Se découvrir soi-même
Souvent, il est une langue qui joue un rôle particulier dans l’histoire familiale. Cette langue est celle du terroir, des ancêtres, des origines, de la culture ou de la religion, ou encore de la belle-famille. Sans-doute, reconnaîtrez-vous ce petit enfant dont la famille a immigré il y a une génération. Il ne peut communiquer, faute de langue commune, avec ses grands-parents restés au pays. Avec l’âge, il se pose de plus en plus de questions. En apprenant la langue de ses parents, il découvrira aussi la culture et le pays de ses ancêtres, et comprendra mieux ses origines.
… Et découvrir l’Autre
Vous êtes dans une grande ville ou un petit village, dans le désert ou la jungle, dans un bureau ou sur la plage, à l’étranger ou dans votre pays. Lorsqu’il vous voit faire l’effort de s’adresser à lui dans sa propre langue qui n’est pas la vôtre, l’Autre détourne son regard vers vous, l’y fixe et esquisse un sourire. Que votre accent soit presque indiscernable ou plus marqué, que votre grammaire, soit parfaite ou perfectible, l’Autre est touché par le respect que vous lui témoignez. Il se détend, s’ouvre, s’apprête à partager des pensées plus intimes maintenant qu’a sauté un filtre psychologique. La connaissance de la langue de l’Autre vous est une porte d’entrée précieuse.
Voyager occasionnellement
Que ce soit pour des vacances, une escale, une mission professionnelle, la connaissance de la langue locale peut changer complètement la physionomie du séjour. Alors que vous ne parliez pas la langue locale, avez-vous déjà été prisonnier de l’emprise exclusive d’un guide qui monopolise les échanges avec le monde extérieur ? Avez-vous vu des étrangers se faire une idée absolument fausse du pays traversé parce qu’ils ne pouvaient communiquer ? À l’inverse, la langue locale n’a-t-elle pas déjà facilité vos contacts, prévus ou impromptus, avec les locaux ? Elle vous permettra parfois de trouver votre chemin, manger le soir, voire récupérer votre passeport ou passer la douane.
… ou faire le grand saut
De 1990 à 2010, environ 160 millions de migrants ont quitté leur pays vers d’autres cieux.
En faites-vous partie ?
Quelle qu’en soit la raison, c’est un changement de vie. La maîtrise de la langue est un élément indispensable à l’intégration sociale et économique. Dans certains pays, l’obtention d’un visa – et à plus forte raison de la nationalité – est conditionnée à un niveau minimal en langue du pays d’accueil. Les parents peinent de temps en temps et la connaissance préalable de la langue est un avantage décisif ; les enfants s’adaptent beaucoup plus rapidement et dépassent vite leurs parents.

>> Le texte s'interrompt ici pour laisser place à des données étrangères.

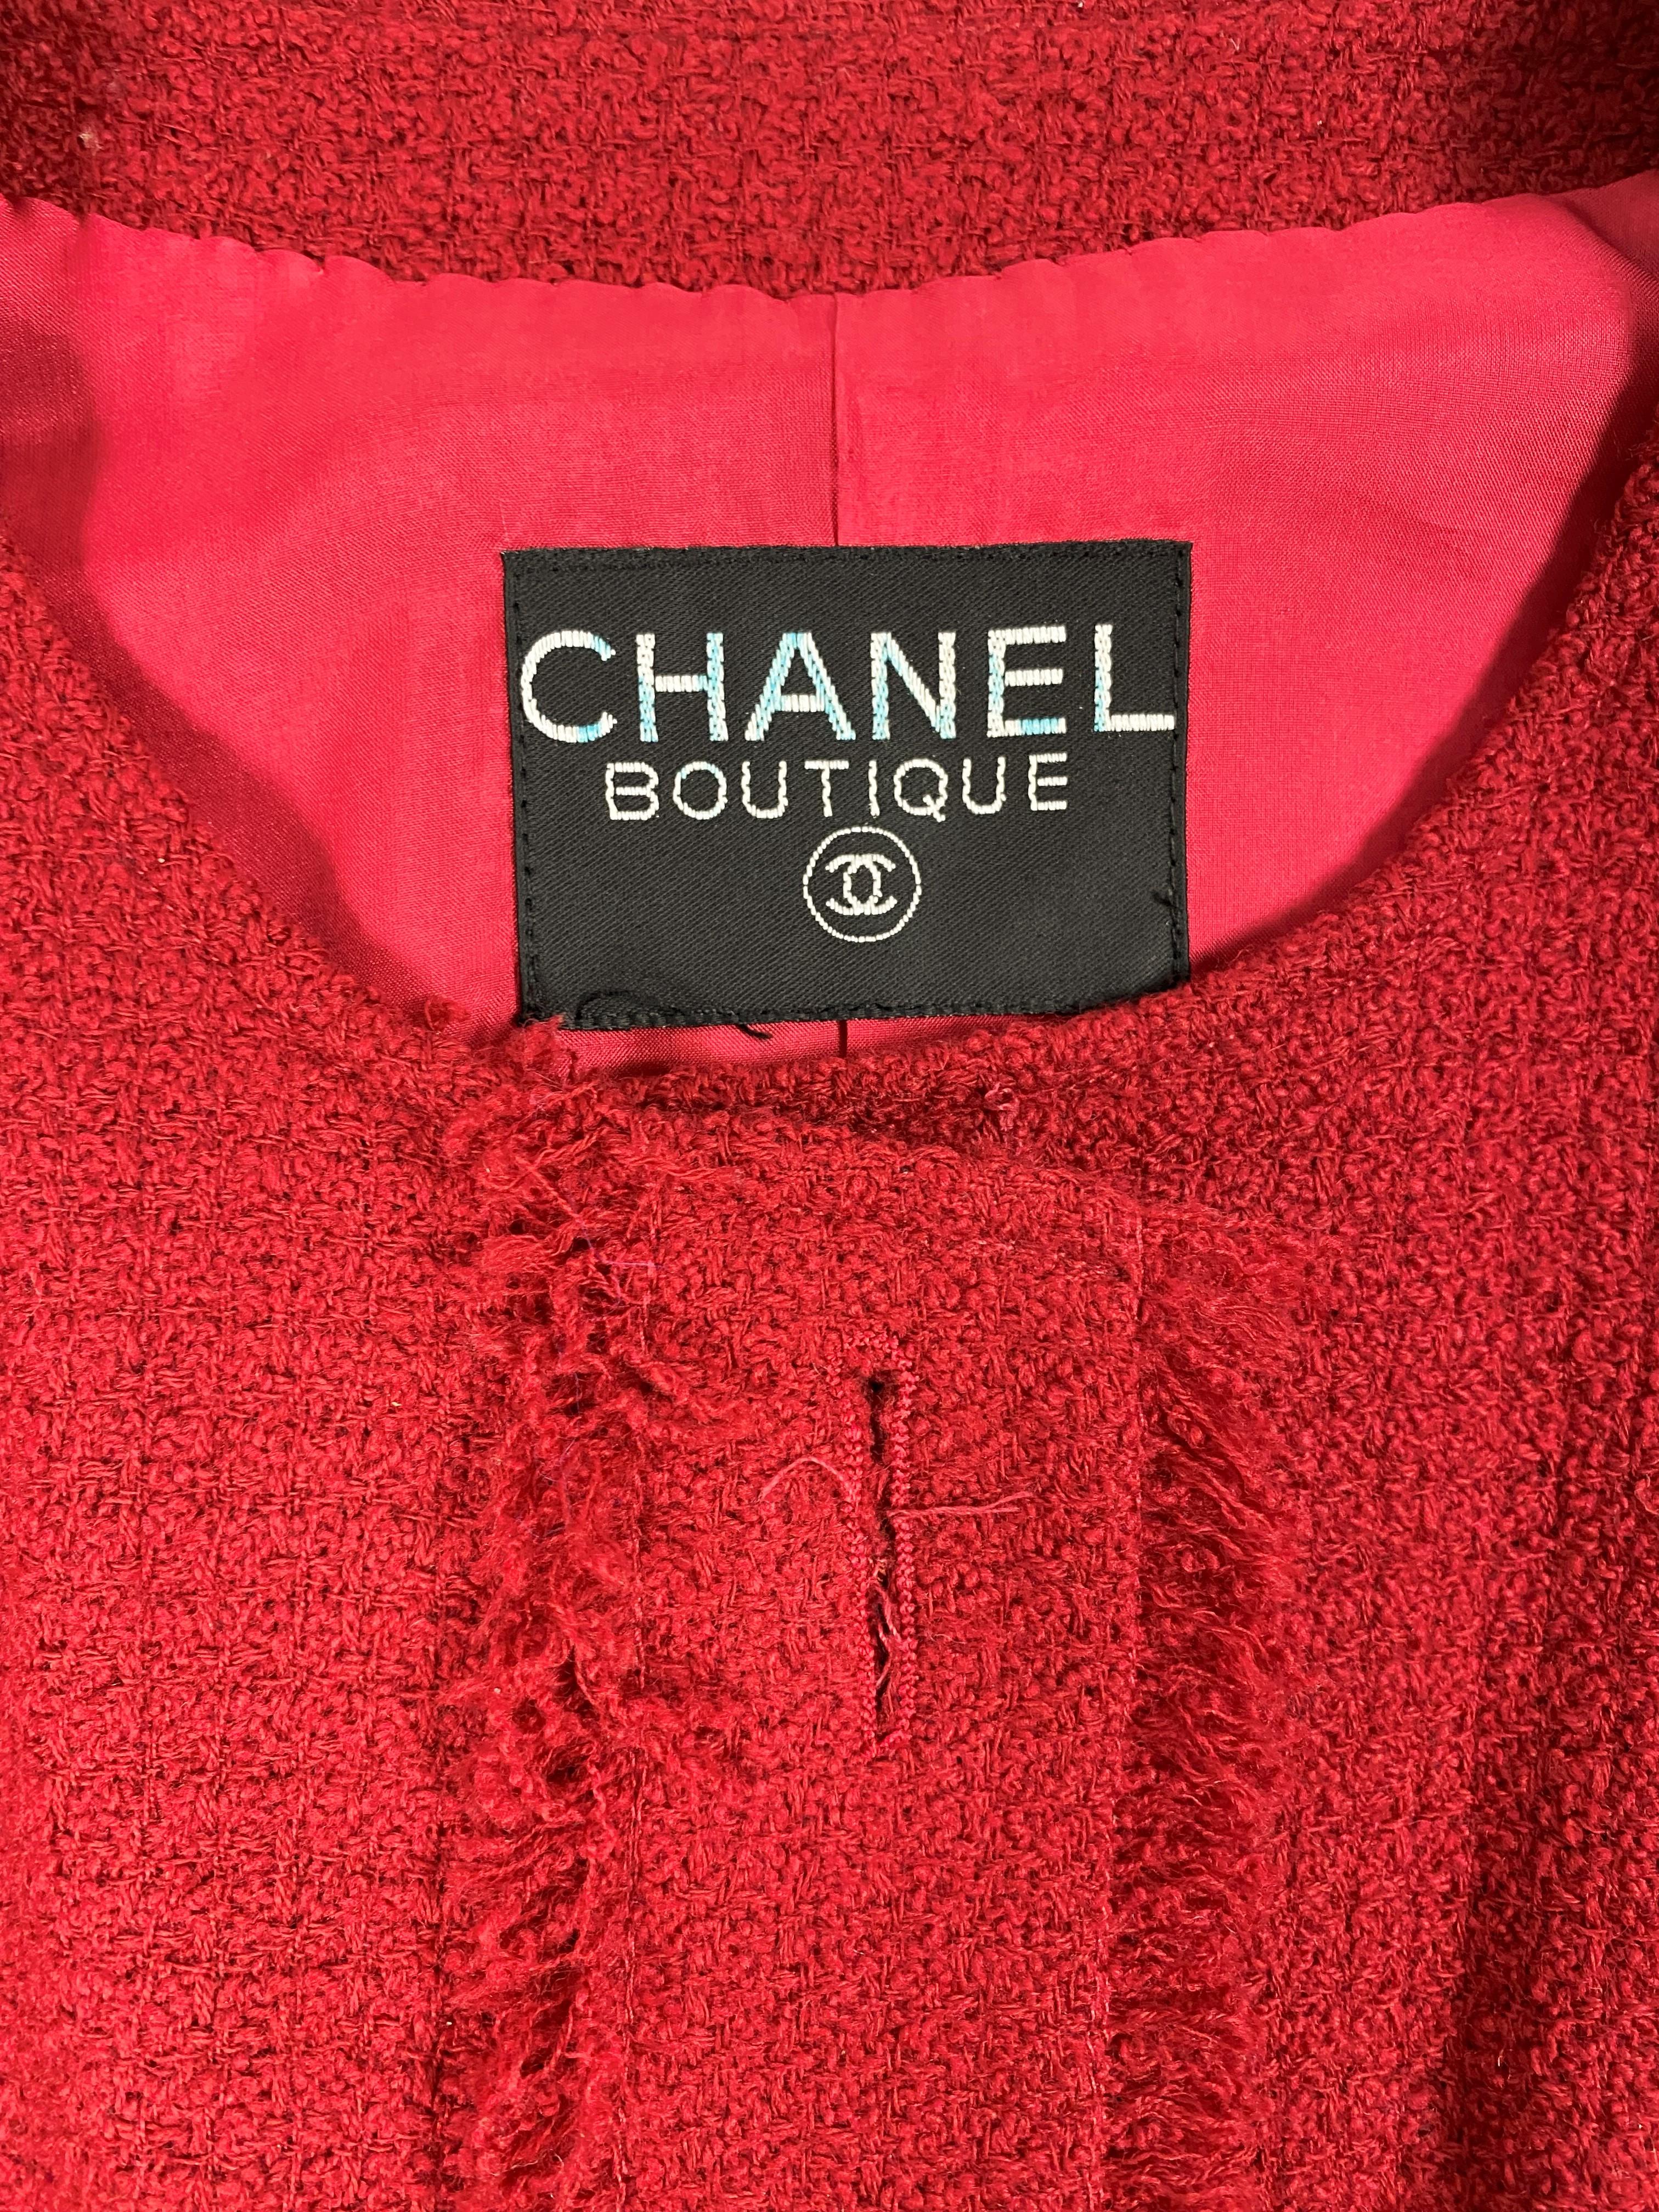 A Chanel - Karl Lagerfeld Red Mohair Wool Jacket Circa 1995-2000 For Sale 7

Réussir sa vie professionnelle
Avec la globalisation croissante, rares sont les professions et les postes ne demandant plus de compétences dans au moins une, voire deux ou trois langues étrangères.
L’anglais est la lingua franca incontestée de la science
En entreprise, l’un des entretiens d’embauche pourra se tenir dans une langue autre que la sienne. Les connaissances linguistiques permettront au candidat, s’il met en avant au juste moment sa connaissance du japonais, de l’espagnol ou du bahasa, de se différencier parmi de multiples candidats au CV comparable. Quant aux employés en poste, certains voient leur évolution bloquée par leurs limitations à la communication internationale.
… et commencer par réussir ses études
Le rôle des langues à l’école s’accroît avec l’importance des langues dans la vie. À Singapour, par exemple, les élèves passent à la fin de l’école primaire l’un des deux examens les plus importants de leur vie ; la moitié des épreuves porte sur deux langues, l’anglais et leur langue maternelle. Ailleurs dans le monde, la performance en langues déterminera l’entrée au lycée, comptera pour beaucoup dans l’obtention du baccalauréat ou donnera un avantage important dans un dossier pour l’université.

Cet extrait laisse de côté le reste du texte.